Клод, я уезжаю из Сент-Илер-де-Рье. Можешь молча возвести глаза к небу по своему обыкновению – все равно я тебя не вижу, хоть и отлично представляю, как ты это делаешь. Да, Бульдог снова потерял след. Кто только придумал эту дурацкую кличку, ведь бульдоги никогда не числились в охотничьих породах? Впрочем, неважно. Все неважно, кроме оборвавшегося следа.
Я знаю, даже если я скажу тебе, что устал, разуверился и готов сдаться, ты никогда не позволишь себе даже тень самодовольного согласия, а ведь имеешь на это полное право. Вот только ты с твоим долготерпением, всепрощением моих выходок и неизменной готовностью помочь – и имеешь, пожалуй. Ну, хорошо, не на самодовольство, но уж точно на «я же тебе говорил». Скажешь, Клод? Уверен, что нет.
Так вот, о следующем адресе и моем дальнейшем пути. Извини за сумбурность письма, я пошлейшим образом пьян. В моем нынешнем настроении либо застрелиться, либо надраться, но я же всегда был практиком, да и не собираюсь служить примером пересудов для всей Тулузы. Ничего, пройдет. Я почти ухватил его за хвост, можешь ты это представить? Одна из жертв, работница с местной фабрики, незадолго до гибели призналась подругам, что собирается замуж за очень достойного господина. «Замуж» собиралась и вторая девушка, и тоже за человека в высшей степени порядочного и достойного, но не желающего общаться с ее нынешним кругом знакомых. И у этой второй была доверенная подруга, которой она тайком показала «достойного господина». За неделю до моего приезда, Клод, всего за неделю эта подруга умирает в больнице от неудачного подпольного аборта. Вот так… Третья никому ничего не рассказывала, но я уверен, что это Он. Два жениха, не появившихся на похоронах?

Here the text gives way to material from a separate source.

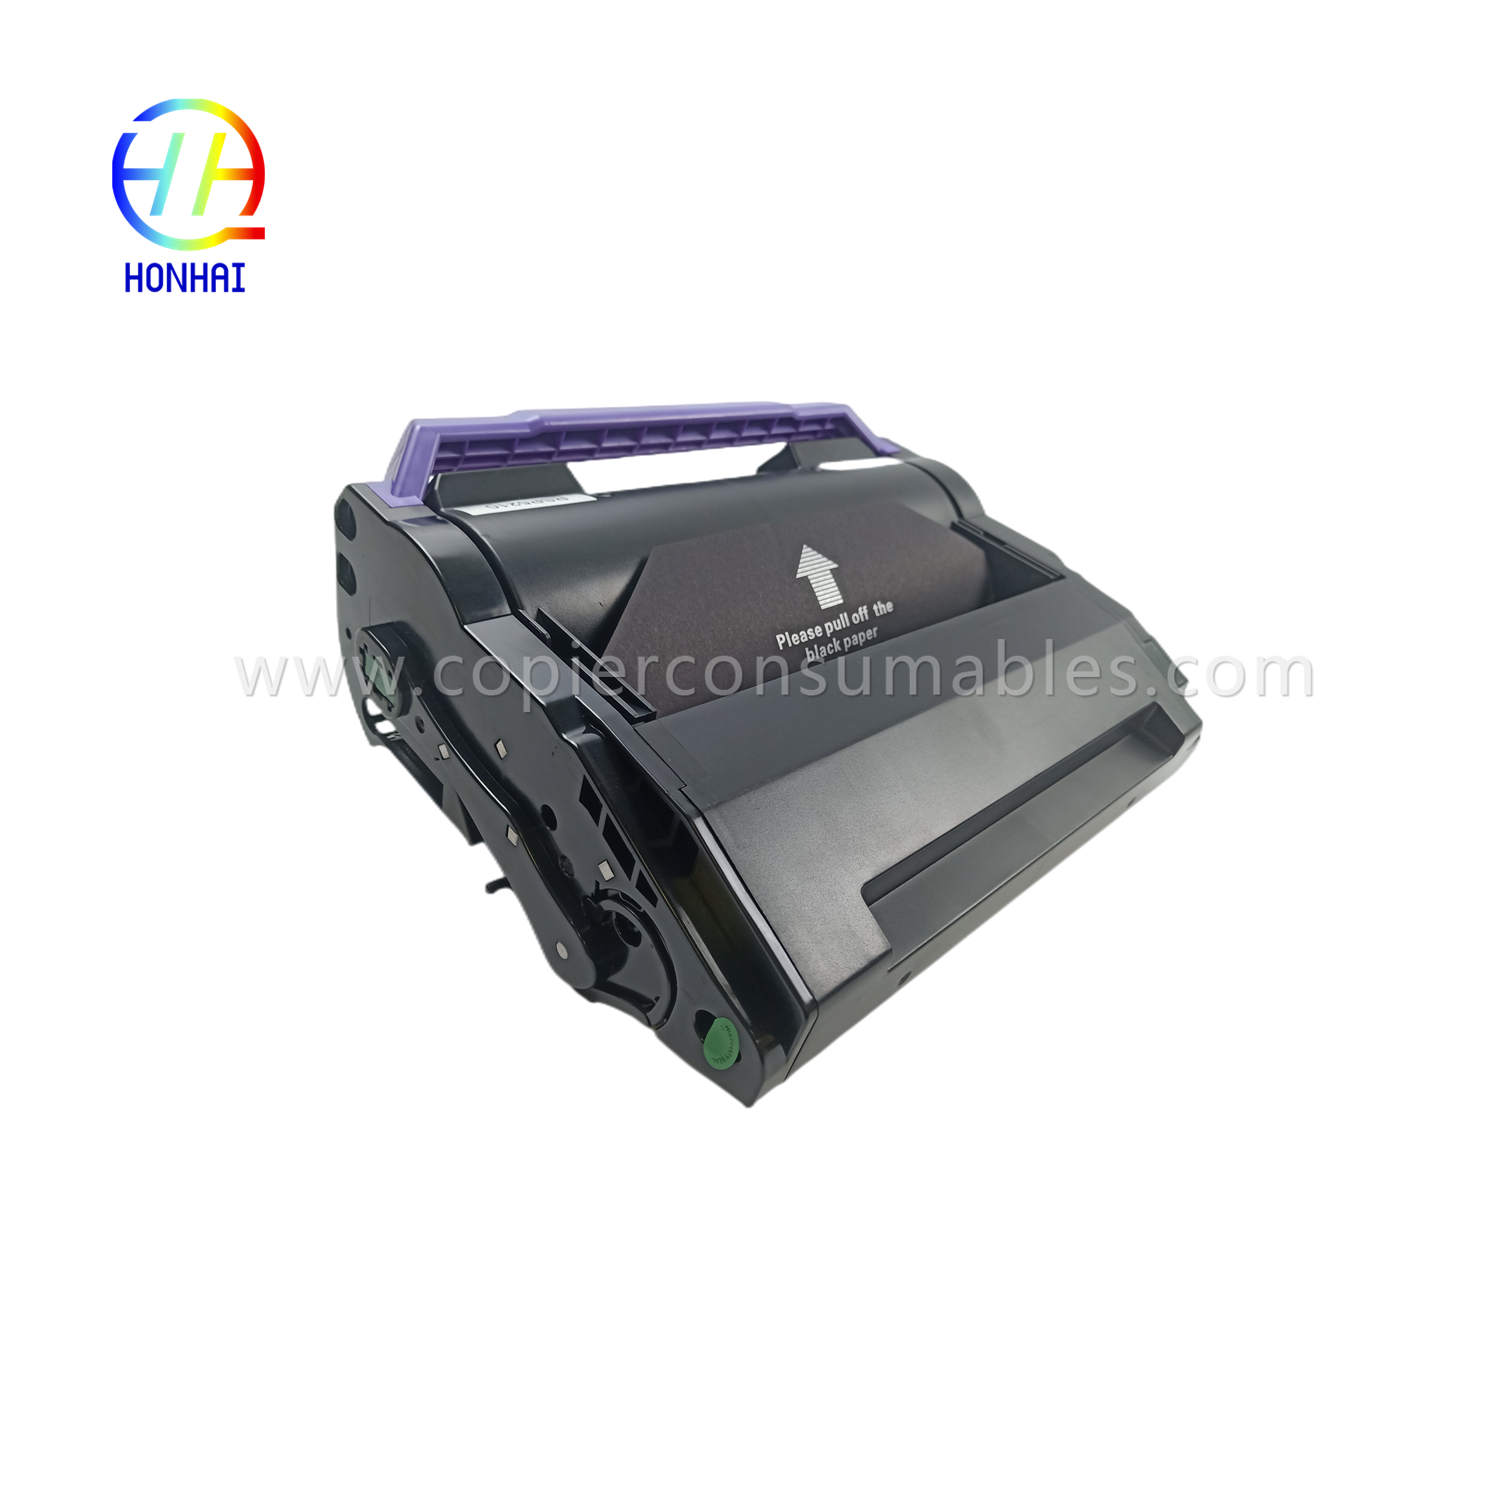 https://www.copierhonhaitech.com/toner-cartridge-black-for-ricoh-406683-sp-5200-5210-product/

Я не понимаю одного, Клод: как могла поддаться на такую глупость Клэр? Или он находит к каждому замку свой ключик? Моя девочка была чистой до наивности, до святости, она бы никогда не стала встречаться с мужчиной тайком, да и где? В колледже, дома, с подругами – она постоянно была под присмотром. Могу признаться только тебе, Клод, я, со своим многолетним опытом, в полной растерянности. Все погибшие девушки разительно отличались положением в обществе, миловидностью, манерами… Ты был прав, какой мужчина мог бы одними глазами взглянуть на шлюху Орранж и мою Клэр? Он видит один лишь цвет волос? Или есть еще что-то?
Одно я знаю точно, Клод, это моя вина. Все считают, что я из упрямства гонюсь за призраком несуществующего преступника, но ты-то знаешь – это призрак моей вины. Мне следовало быть рядом с Клэр, мне, а не тому ничтожеству, которого она звала отцом. Как я ошибся, не желая портить жизнь Амелии, уступив ее тому, кого посчитал более… нет, не достойным, а подходящим. Что я мог ей дать? Ни состояния, ни карьеры, ни связей… Если бы я только знал тогда, что Амелия беременна! Моя Клэр никогда не носила бы чужую фамилию, не жила в чужом доме. Я сумел бы ее уберечь. Не качай головой, Клод, я сумел бы! Я не он, и я знал бы малейшее движение души моей девочки, каждого человека возле нее, любую упавшую на нее тень. Поздно. Все поздно, понимаешь? Амелии нет, а теперь нет и Клэр…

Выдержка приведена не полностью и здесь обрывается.